There was always an unnerving whiff of impending doom in the air when England took on New Zealand at Carisbrook, the tumbledown stadium renowned across the rugby-playing landscape as the “house of pain”.
But Carisbrook is no more – Test matches in this far-flung outpost of the union game are now staged at a cutting-edge, all-seater venue where spectators bask under a greenhouse roof – and we will know by lunchtime today whether the All Blacks’ aura of invincibility has also been bulldozed into oblivion.
Stuart Lancaster’s tourists have a realistic shot at winning here and taking this series to a decider in Hamilton next weekend. If it is something less than a golden opportunity – such things are practically unheard of in these parts – it is something more than a puncher’s chance.
That much was clear the moment the locals reacted to last Saturday’s events at Eden Park in Auckland, where the world champions sneaked home with a try at the death, by vilifying England for their style of play.
Heaven knows, the New Zealand rugby public have had things to say about England before, but more often than not the overriding sentiment has been one of mockery. Only in 2003, when Clive Woodward’s side somehow eked out a victory in Wellington after losing two key forwards to the sin bin simultaneously, did the tone betray a hint of silver-ferned inferiority. Those red-rose players were christened “white orcs on steroids” – the point being that they had won through force rather than footballing ability, through muscle rather than magic.
This week, England have been lambasted for playing a “slow” game cynically designed to prevent the All Blacks playing a 15-man form of the “beautiful game” with rhythm and tempo and panache – a similarly telling indication of home-town nervousness. Leaving aside the ridiculous notion that incoming sides should show proper respect by sitting back and watching while the world champions play the style of union that suits them best, unimpeded and uninterrupted by lesser mortals, the accusation is deeply questionable in fact. As Joe Marler, the England prop, mentioned during the week: “I didn’t see too many All Blacks running past us to get to the scrums and line-outs.”
Graham Rowntree, who found himself on the wrong end of a comprehensive spanking in this city back in 1998, reinforced Marler’s point yesterday. “I’ve been a little alarmed by this idea that we want to slow down the game,” said the England forwards coach. “We have some real potential in the backs, a dynamic pack and we want to play quick rugby. There is a real desire in our squad to play a challenging game because we’re a lot fitter than we’ve ever been.”
England believe they are going through a development spurt – that since the first of the Twickenham internationals before Christmas, when they beat an Australian side much more potent than people imagined at the time, they have evolved faster than at any point since the early years of the last decade. If they could just find a way to win a really tight game against a southern hemisphere superpower, the team would take another great leap forward.

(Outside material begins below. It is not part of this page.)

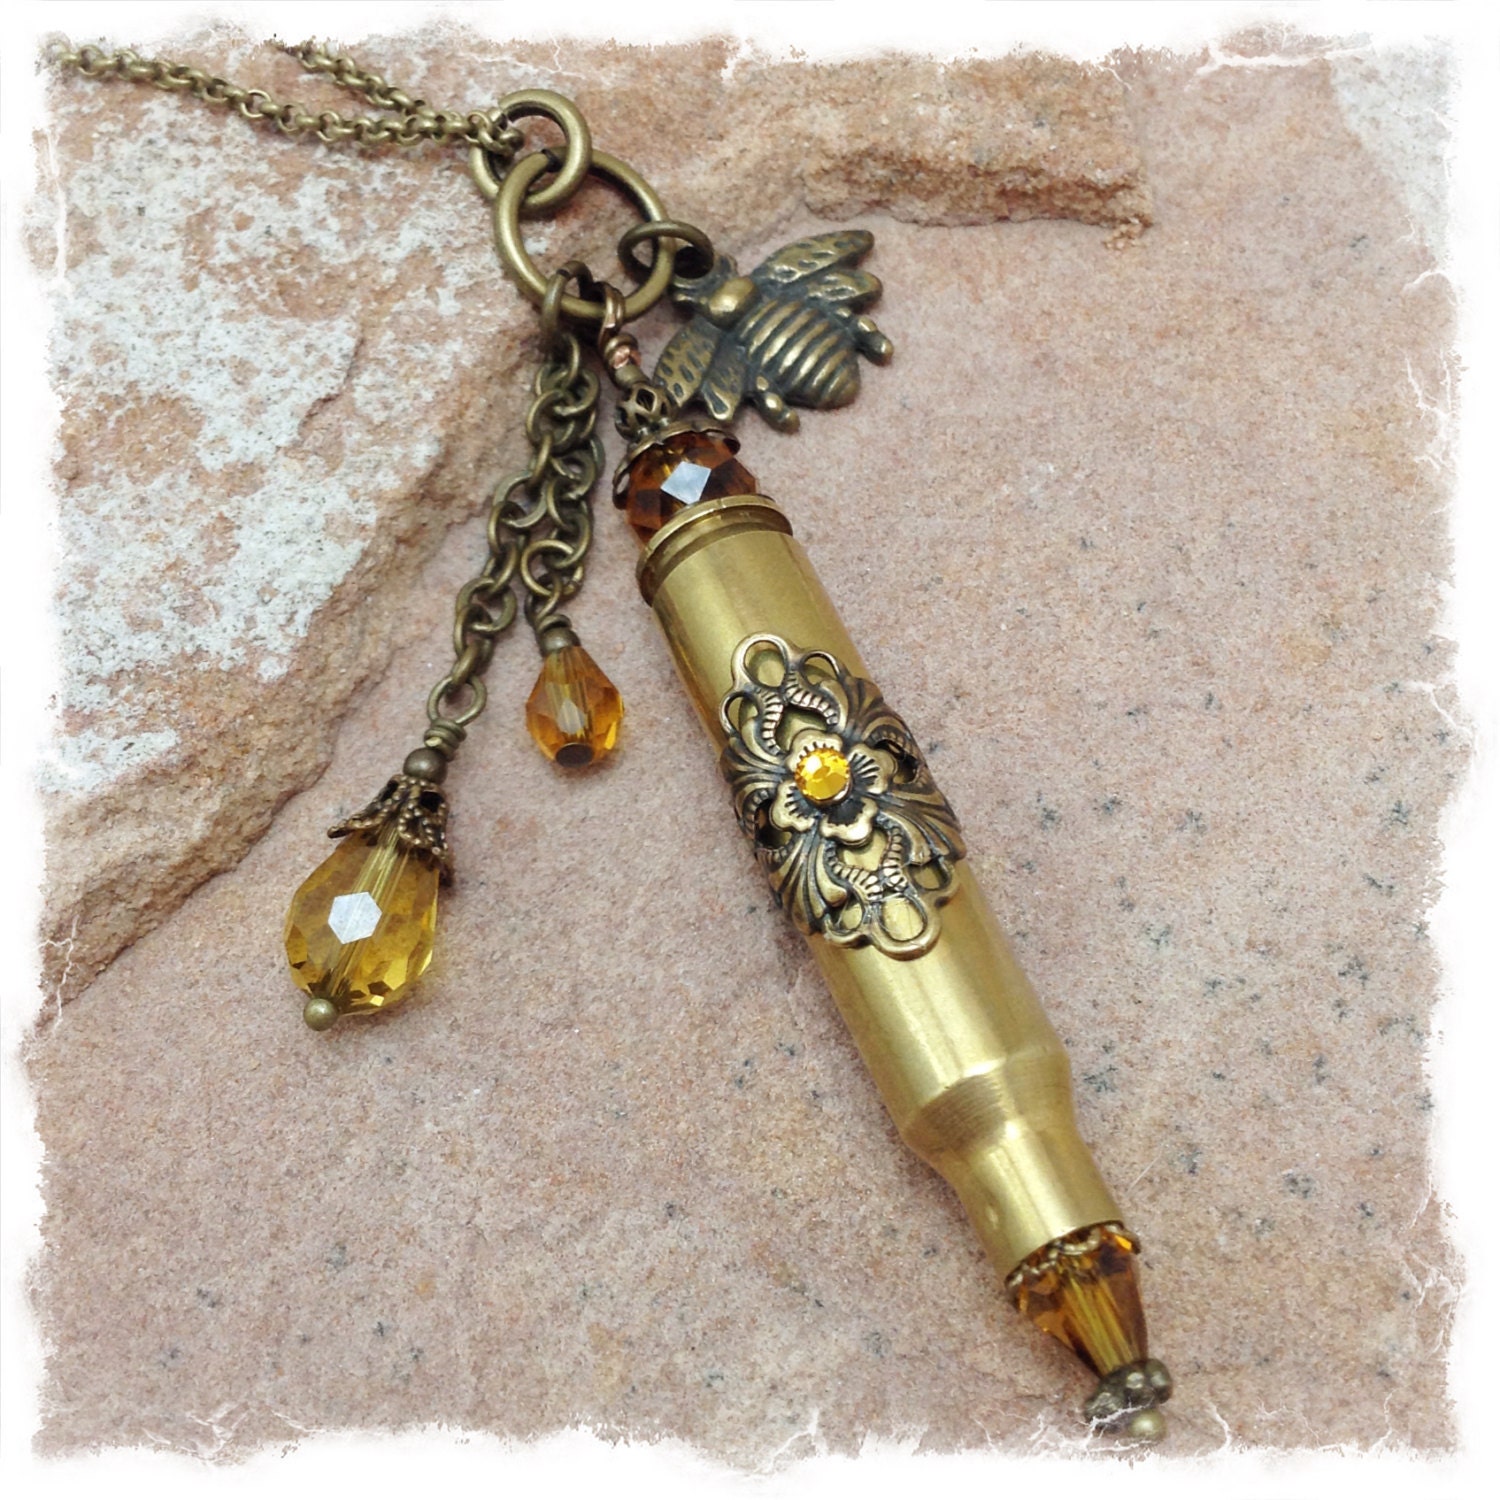 Bullet Necklace Pendant Shell Casing Jewelry Bullet Jewelry
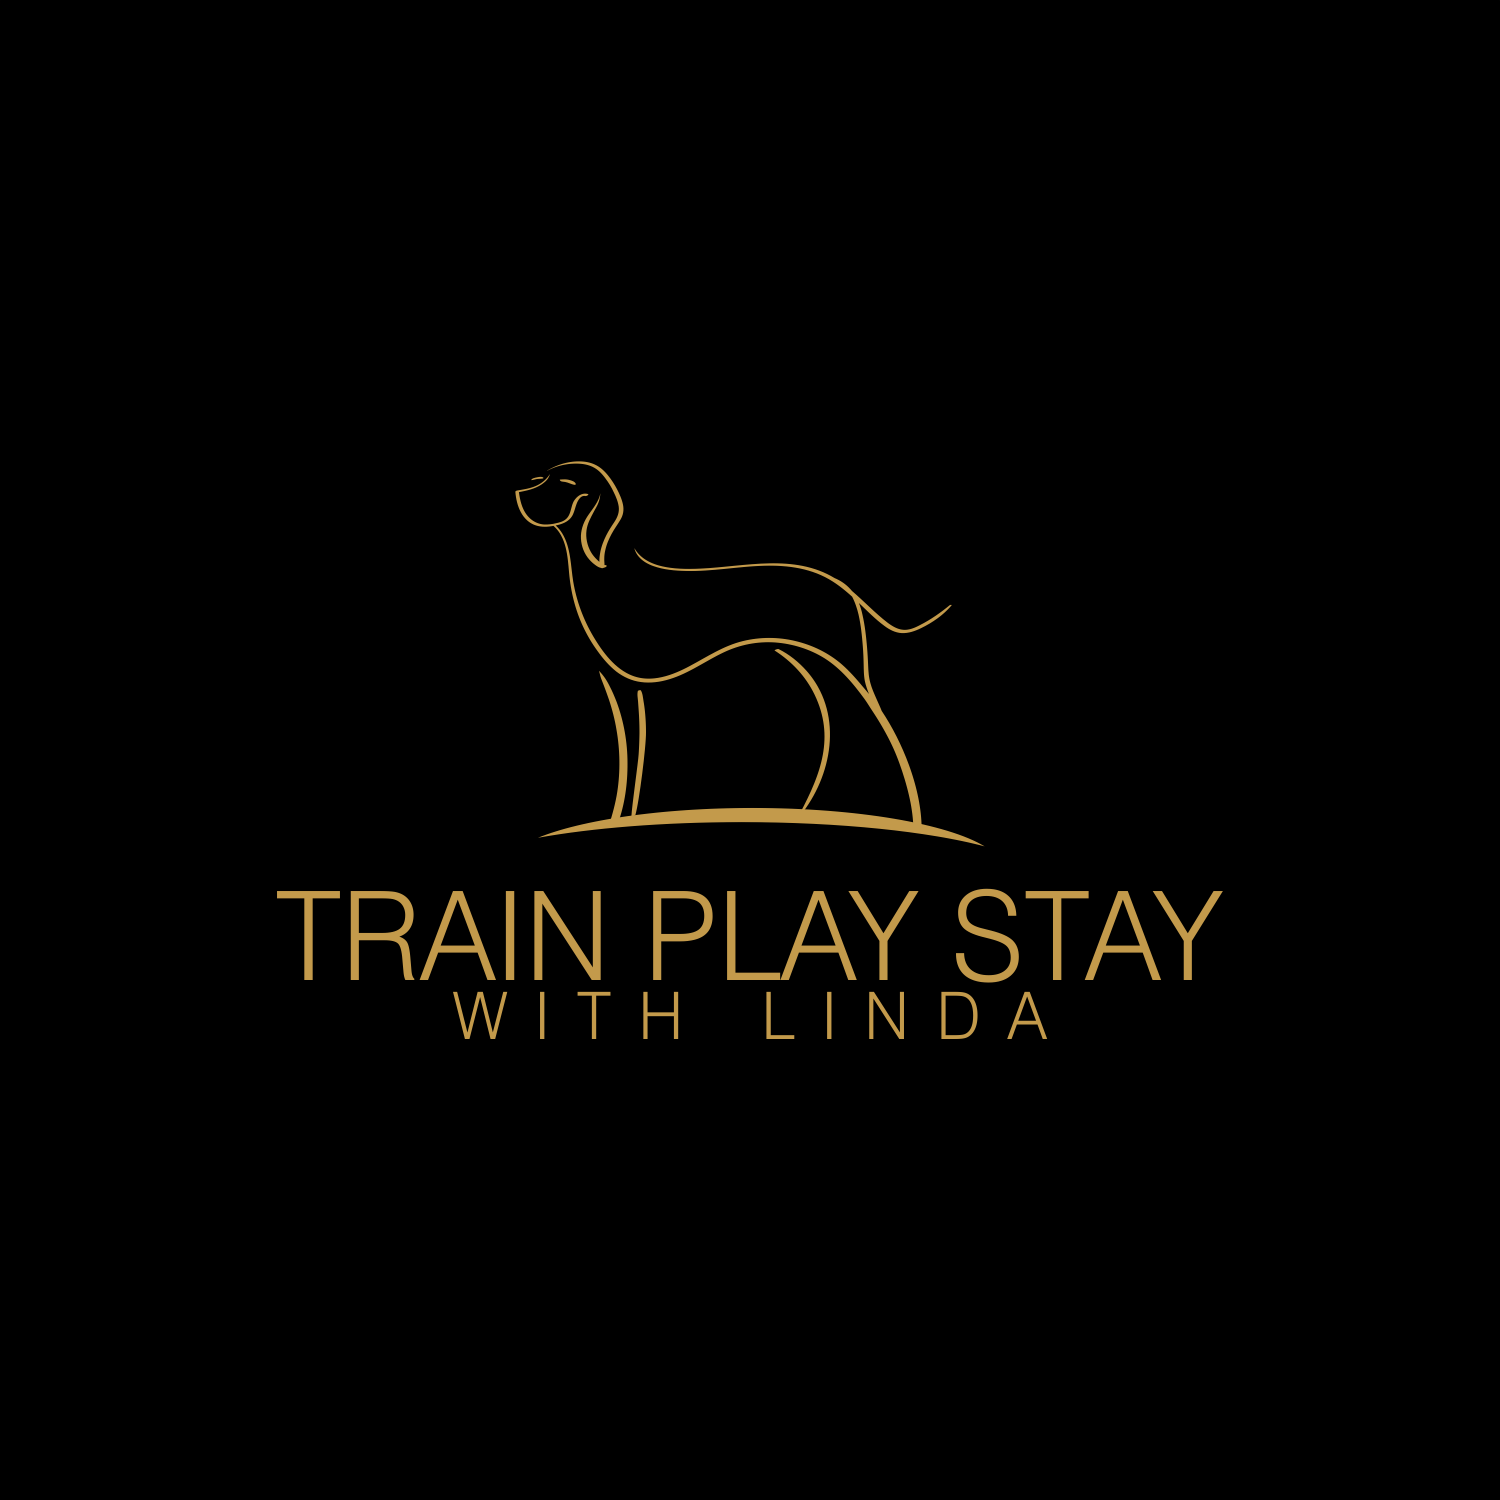 Colorful Dog Logo - Playful, Colorful, Dog Training Logo Design for Train Play Stay OR ...

And who better to beat than an All Black side undefeated since their visit to Twickenham some 18 months ago?
It is far easier said than done, of course. New Zealand teams always respond positively to negativity, frequently attacking opponents in the areas they consider themselves strongest. Hence the threat to England’s smooth-as-silk line-out operation, which did not miss so much as a single beat at Eden Park seven days ago, thanks to the intelligent management skills of the Leicester lock Geoff Parling and the excellent throwing of Rob Webber, the new hooker from Bath.
Back in 1993, when the British & Irish Lions toured this country, the All Blacks struggled for primary possession in the second Test in Wellington and lost heavily as a consequence. A week later, after hours of work on the training field – the New Zealand management asked that grisly old bruiser of a second-row forward, Andy Haden, to run some line-out tutorials – they came up with something much better in that crucial department and duly wrapped up the series.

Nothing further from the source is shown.